Feb 2 04:13:52 satellite1 pulp: py.warnings:WARNING: (1955-62752) content_units_collection.remove(content_unit['_id'])
Feb 2 04:13:52 satellite1 pulp: py.warnings:WARNING: (1955-62752)
Feb 2 04:28:43 satellite1 pulp: celery.worker.job:ERROR: (1358-62752) Task pulp.server.managers.content.orphan.delete_all_orphans[ece93a94-907b-4c1a-b4a4-474a99893be2] raised unexpected: CursorNotFound('Cursor not found, cursor id: 163452381930',)

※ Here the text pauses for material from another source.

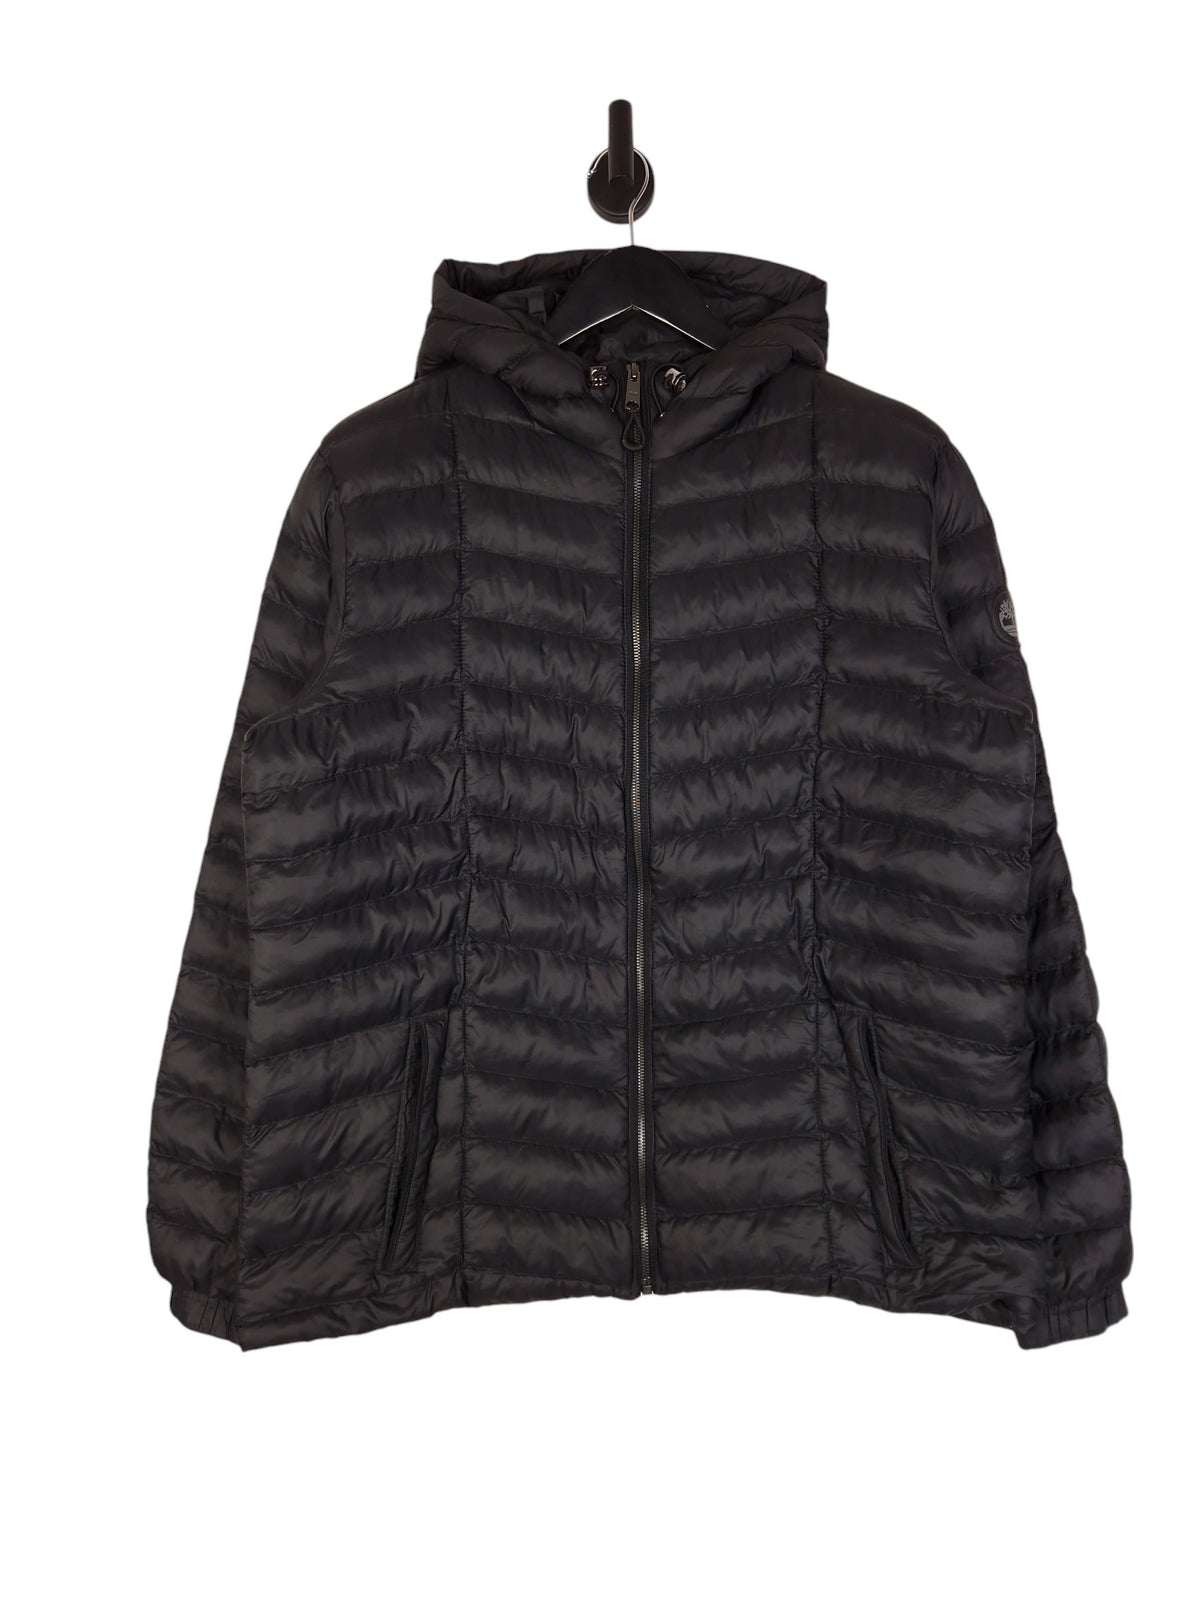 Timberland Hooded Puffer Jacket - Size XL

Feb 2 04:28:43 satellite1 pulp: celery.worker.job:ERROR: (1358-62752) Traceback (most recent call last):
Feb 2 04:28:43 satellite1 pulp: celery.worker.job:ERROR: (1358-62752) File "/usr/lib/python2.7/site-packages/celery/app/trace.py", line 240, in trace_task
Feb 2 04:28:43 satellite1 pulp: celery.worker.job:ERROR: (1358-62752) R = retval = fun(*args, **kwargs)
Feb 2 04:28:43 satellite1 pulp: celery.worker.job:ERROR: (1358-62752) File "/usr/lib/python2.7/site-packages/pulp/server/async/tasks.py", line 473, in __call__
Feb 2 04:28:43 satellite1 pulp: celery.worker.job:ERROR: (1358-62752) return super(Task, self).__call__(*args, **kwargs)
Feb 2 04:28:43 satellite1 pulp: celery.worker.job:ERROR: (1358-62752) File "/usr/lib/python2.7/site-packages/pulp/server/async/tasks.py", line 103, in __call__
Feb 2 04:28:43 satellite1 pulp: celery.worker.job:ERROR: (1358-62752) return super(PulpTask, self).__call__(*args, **kwargs)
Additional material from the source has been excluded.